The disadvantage is that you have to build those images and decide which packages should be included in them, or pick the ones that are built in Fedora and accept the choice of packages, whereas with transactional updates you can use any combination of RPMs.
To be honest, I am ok with that, the concept of layered packages works for me, the only challenge I haven’t overcome is WiFi broadcom driver for my old MacBook Pro. But that wouldn’t be an issue if I managed to find a laptop with preinstalled Silverblue, or at least make it work on linux-friendly model such as Dell XPS 13. Thanks for your insights!
You can find a list of Linux/Fedora friendly hardware here:
Some of the vendors allow you to choose the OS, the laptop is delivered
with. I’m not sure Silverblue is an option. But the hardware should work
well with Silverblue.
Aye, this is basically correct about transactional-update.
We are based on openSUSE Tumbleweed, which is a rolling release, and we get a fresh “image” basically every 24 hours (in a perfect world, sometimes theres a lag if we have something fail in openQA or elsewhere).
So there is no “fixed” base image in openSUSE Aeon/Kalpa/MicroOS. As @siosm said, that does mean we don’t have an easy way to compare what the user may have installed, versus the “pre-built” image like Silverblue/CoreOS do. We also don’t have the concept of layering, like Fedora does.
If you decide to install rpm’s that aren’t included in the base install, you’re quite literally modifying the base system, which is fine 99.9% of the time if you’re just pulling packages from Tumbleweeds official repositories. But it can become a broken mess if you’re the sort of user that really leans heavily on third-party repositories like RPMFusion or Packman. We leverage flatpak/flathub and distrobox to a greater extent than Silverblue/MicroOS do.
If you’ve got any specific questions, I’d be glad to answer them.
The first two of those cases there are pretty easy on an rpm-ostree system. Just use sudo rpm-ostree override replace foo.rpm to replace any base layer package.
I’m not really sure what use case the third bullet point is describing so don’t know if I can speak to that one.
Aye, don’t have to get into building images, or any additional infrastructure or tooling, with the way we use btrfs snapshots and transactional-update with our stuff on openSUSE. Which can make it a bit more flexible than the image based setup of rpm-ostree I don’t honestly have any real opinion on whether either approach to the issue is “better” I just think they’re different.
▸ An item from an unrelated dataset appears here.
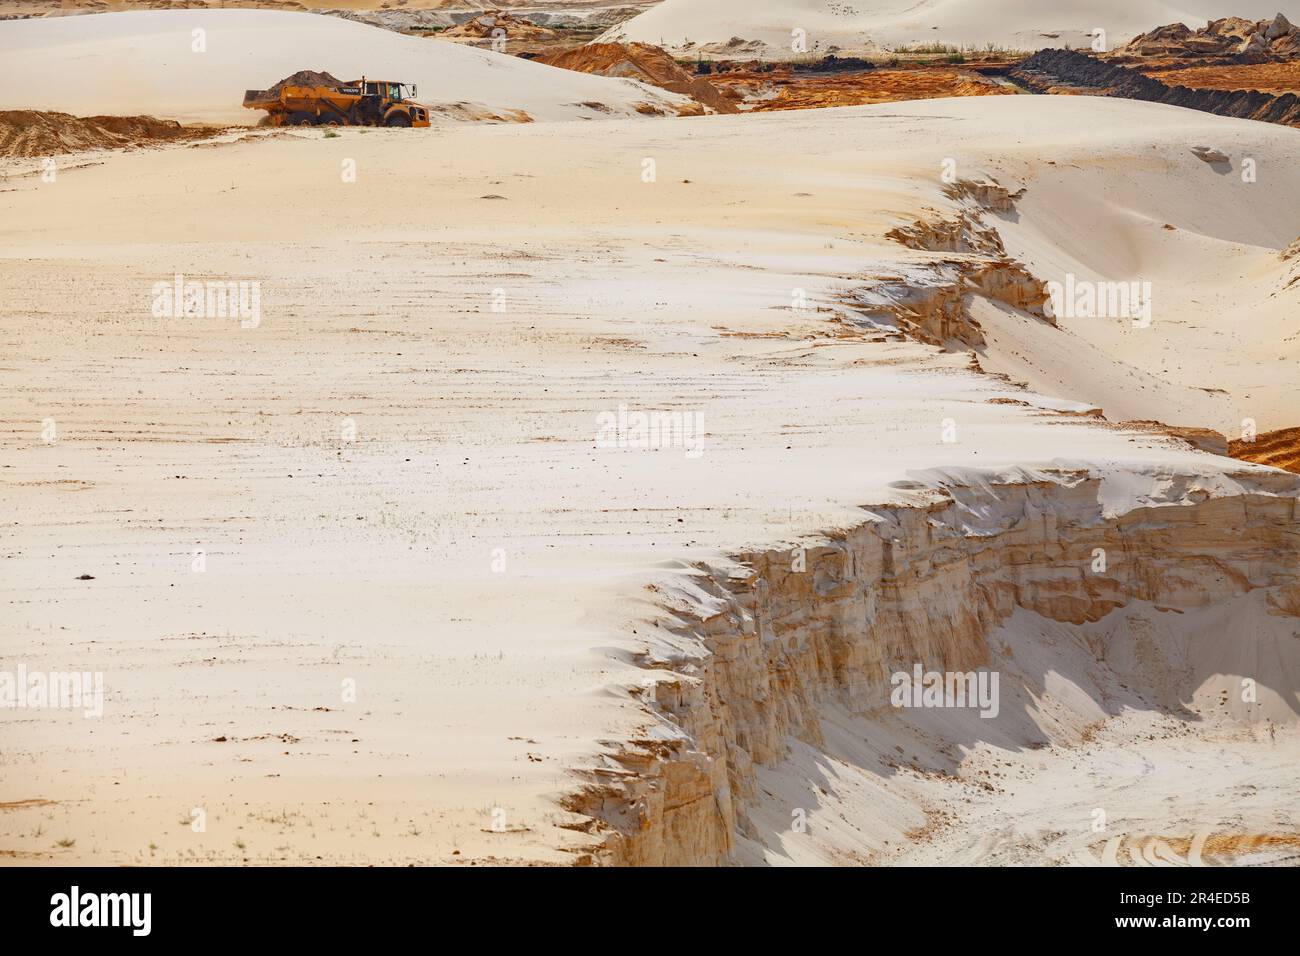 Chulkovo, Moscow province - July 20, 2021: Volvo quarry truck carries ground. Open-pit sand extraction. Stock Photo

I’ve not actually looked into VanillaOS, or the other offerings out there, but I believe they’re leveraging snapshots in a similar way that we do with the MicroOS based products.
@sfaulken yes, no rating here. The one has more freedom and flexibility (and thus maybe also more sustainability), the other is simply image-based, with the pros and cons of that
The rebasing and reset features of the Fedora Atomic spins are neat, I gotta admit. And not something that is achieved nearly as easily with other systems.
A/B root only has A and B so pinning wouldnt be possible, afaik. You just have 2 versions.
Rebase would be nice, and should be possible. The issue is mixing the mutable state of the current system (like /etc in OSTree, see this issue) with the upstream image.
That should not be that big of an issue though.
Rollback is no issue or course. You simply just have one rollback chance.